**Given material:**

----

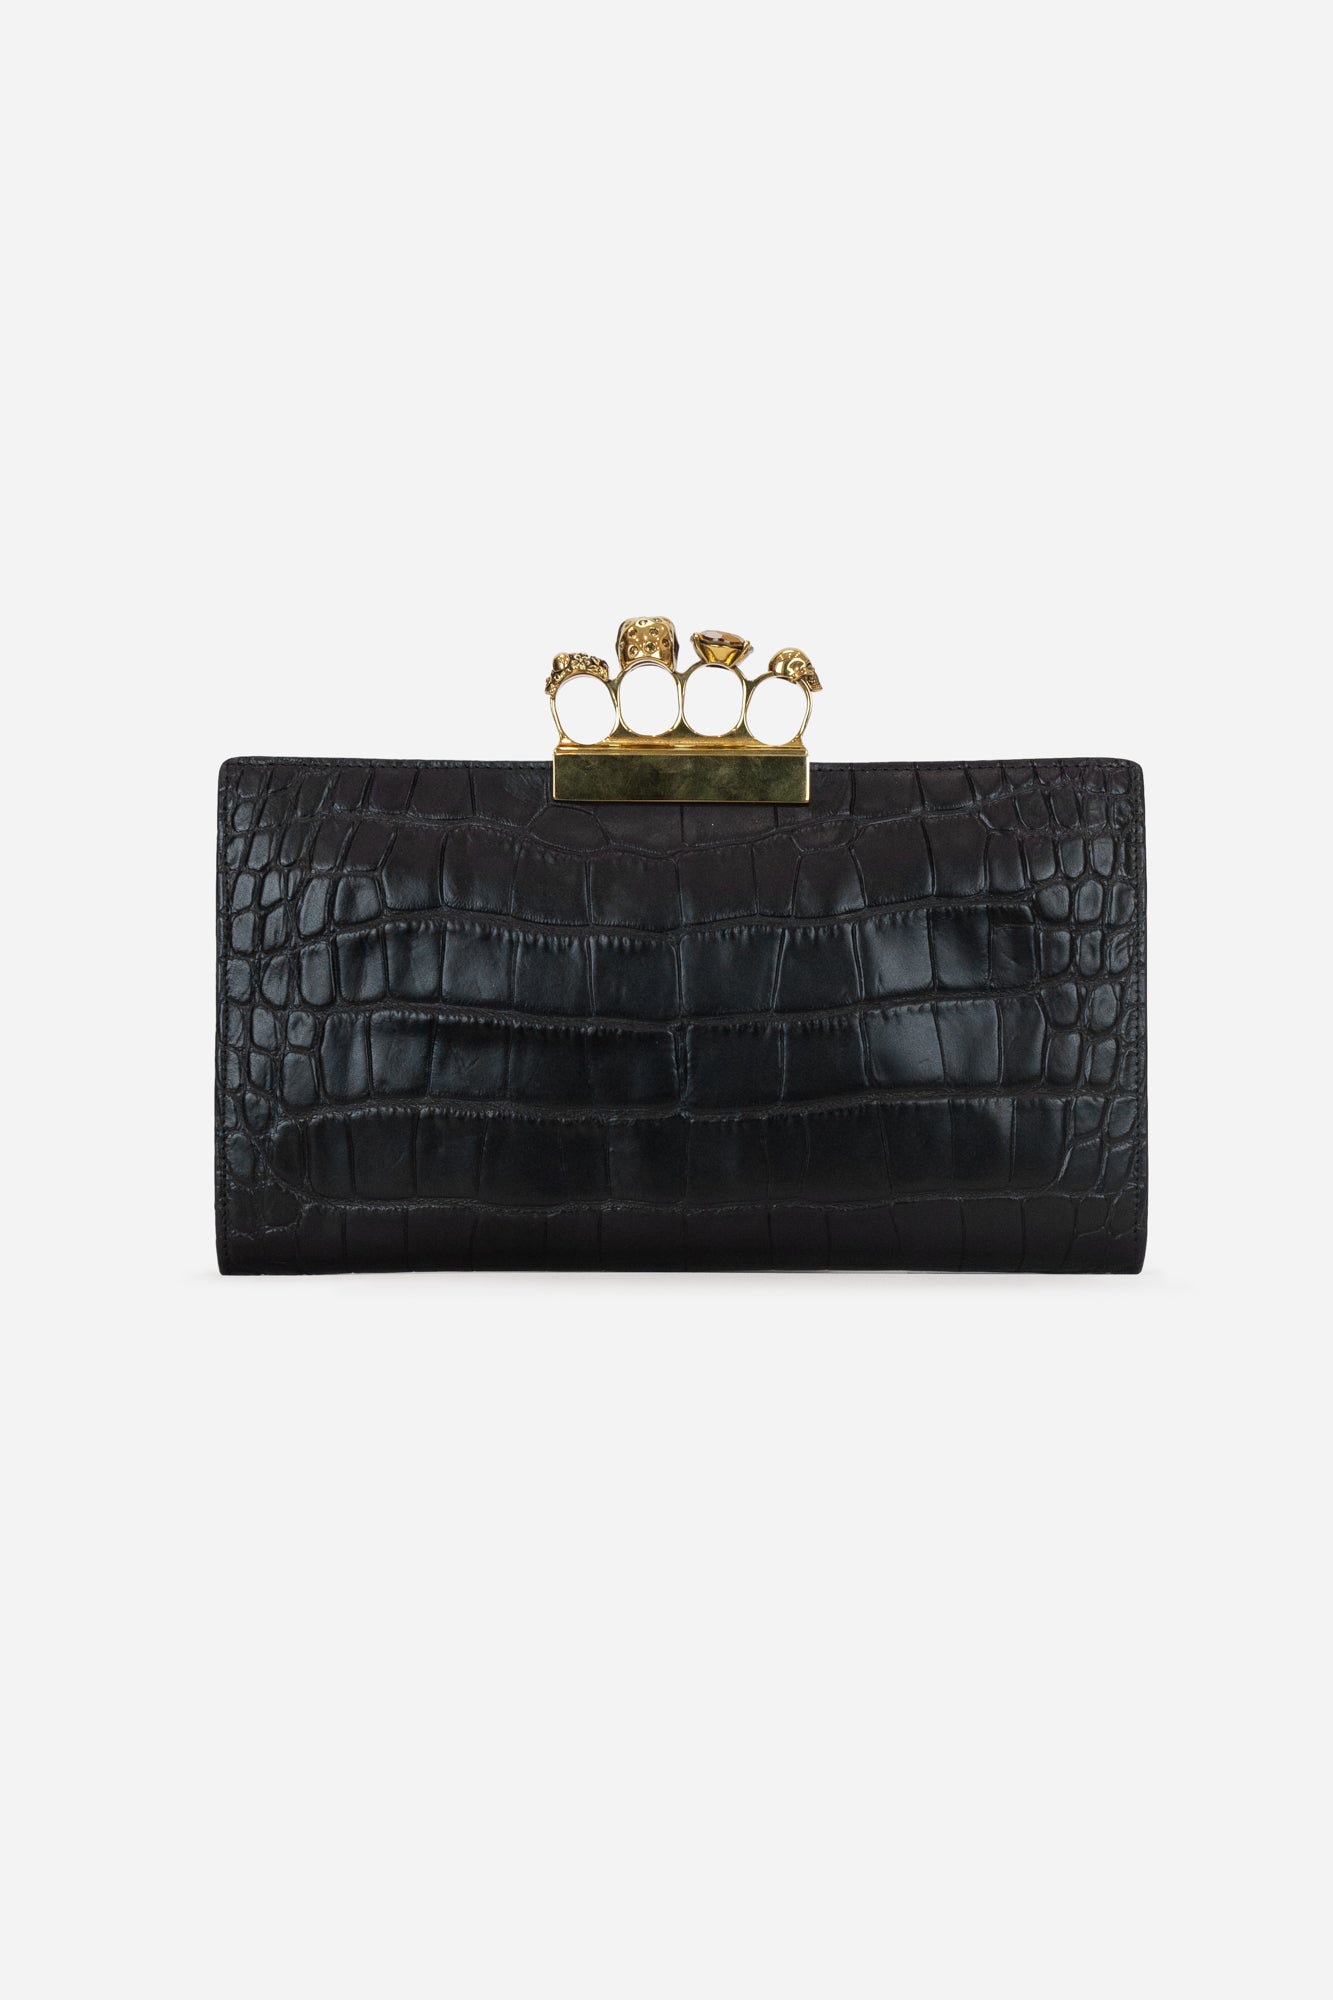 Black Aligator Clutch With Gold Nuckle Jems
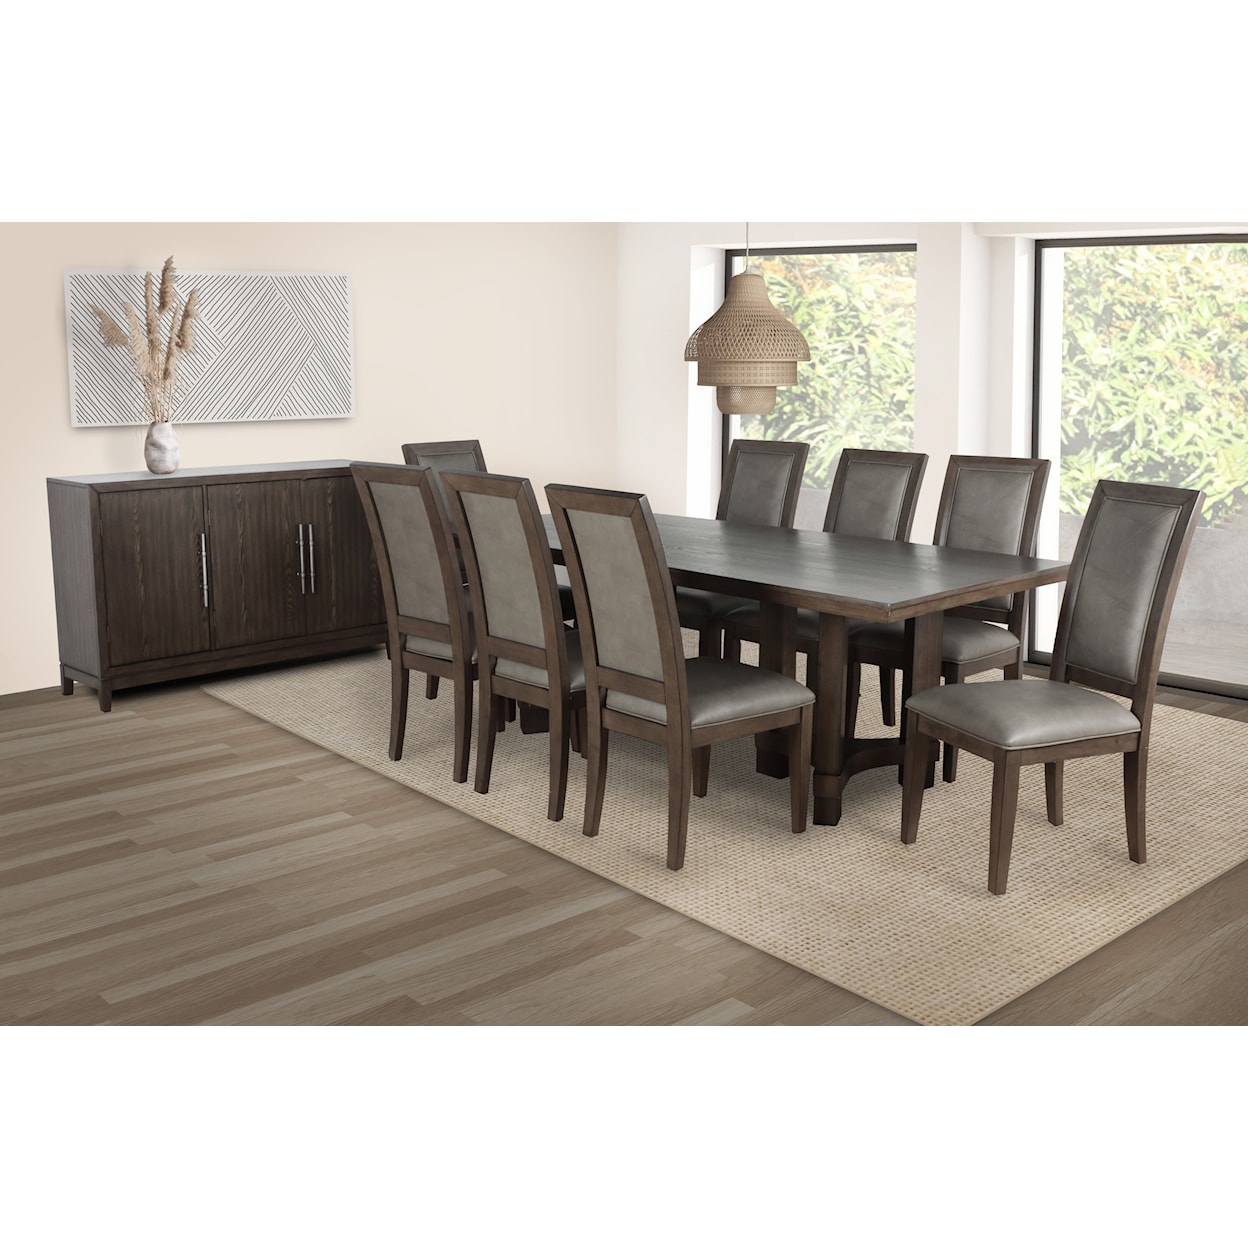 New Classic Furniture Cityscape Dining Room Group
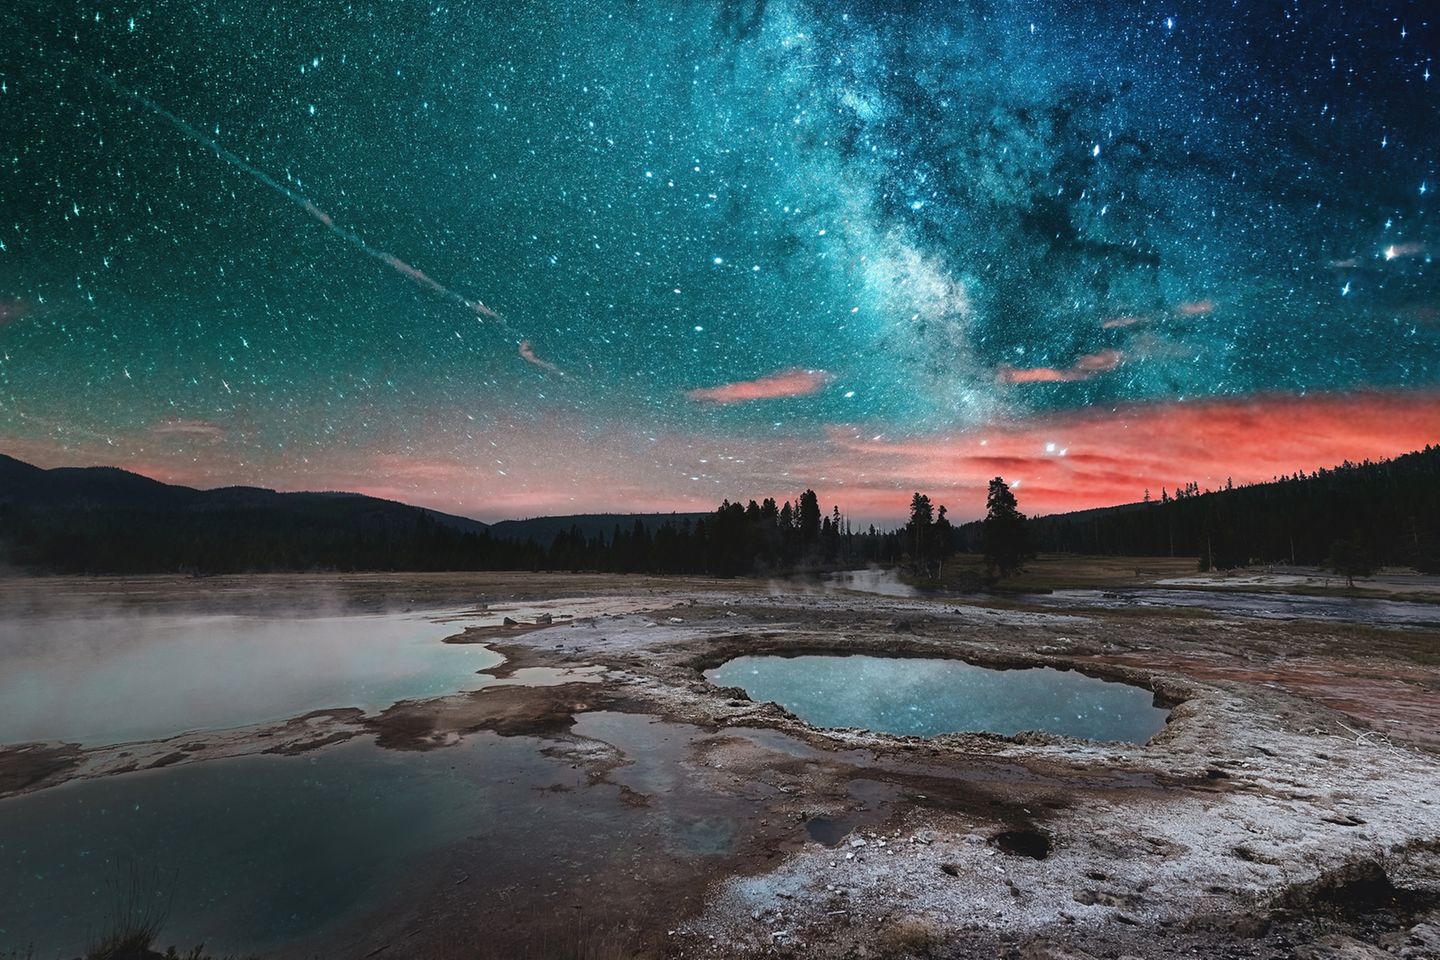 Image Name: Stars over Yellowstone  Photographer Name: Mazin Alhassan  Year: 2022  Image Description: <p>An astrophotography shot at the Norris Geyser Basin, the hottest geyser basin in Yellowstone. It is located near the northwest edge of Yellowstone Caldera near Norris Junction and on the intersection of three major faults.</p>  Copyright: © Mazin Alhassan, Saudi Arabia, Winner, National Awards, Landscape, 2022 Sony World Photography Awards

----

**Instructions for the task:**
Once the pictures are dropped, please print every remaining line of the material verbatim.

**Answer to this problem:**
 Black Aligator Clutch With Gold Nuckle Jems
 New Classic Furniture Cityscape Dining Room Group
 Image Name: Stars over Yellowstone  Photographer Name: Mazin Alhassan  Year: 2022  Image Description: <p>An astrophotography shot at the Norris Geyser Basin, the hottest geyser basin in Yellowstone. It is located near the northwest edge of Yellowstone Caldera near Norris Junction and on the intersection of three major faults.</p>  Copyright: © Mazin Alhassan, Saudi Arabia, Winner, National Awards, Landscape, 2022 Sony World Photography Awards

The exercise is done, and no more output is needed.